As an aside to the HPC nationalism issue raised above, while the Top 500 is by no means a fair representation of actual system share for a particular vendor (these machines represent only a fraction of clusters in the world, and just those who submitted benchmark results that appear on the bi-annual list), one glance reveals that Fujitsu is not a prominent HPC vendor in Europe. The only non-Asia/Pacific region cluster on the list is a 16,384 core machine at Spain’s renewable energy resources laboratory. However, in the UK, there is one notable machine, installed to support HPC Wales, which runs a wide range of workloads for Wales’ national supercomputing projects.

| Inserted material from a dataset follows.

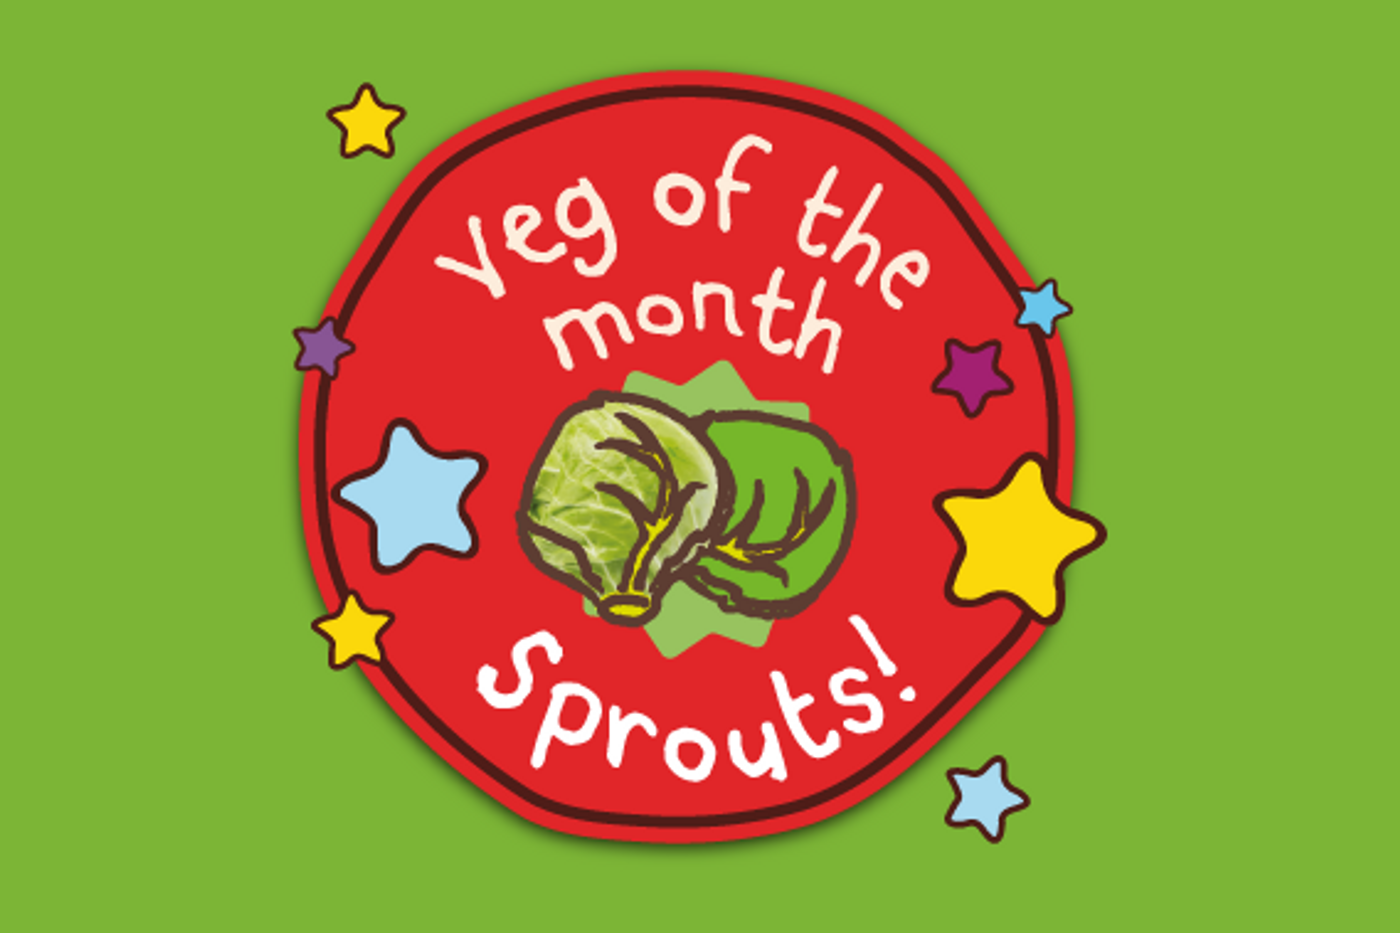 Veg of the month Sprout 568x380

Fujitsu scored this award in 2010, which allowed for the first phase of the machine.
To be fair, Fujitsu does have some notable European ties, not mention the fact that, again, as stated above the Top 500 isn’t necessarily a perfect measure of real influence of one vendor or another (since it’s just supercomputing—and only the highest end). Their machines are built in Germany (as well as Japan) and via their historical relationship with what used to be Siemens server division, which Fujitsu eventually absorbed.
On that note, the Wellcome Trust team is also looking at new tools and system approaches that will support a sister Big Data Institute that will open its doors within the next five years. Here, Esnouf says, is where the two institutions will collaborate on using Hadoop, Ceph, OpenStack, and other tools that are not as common in traditional HPC environments like it has just built for running statistical genomics code. It could be that the lessons Wellcome Trust is learning alongside Fujitsu could lead to other HPC and data-intensive system wins for Fujitsu in Europe—but Esnouf says this new big data center plan is already attracting a lot of notice from many other hardware vendors. So if Fujitsu wants to win the deal, it will have to fight for it.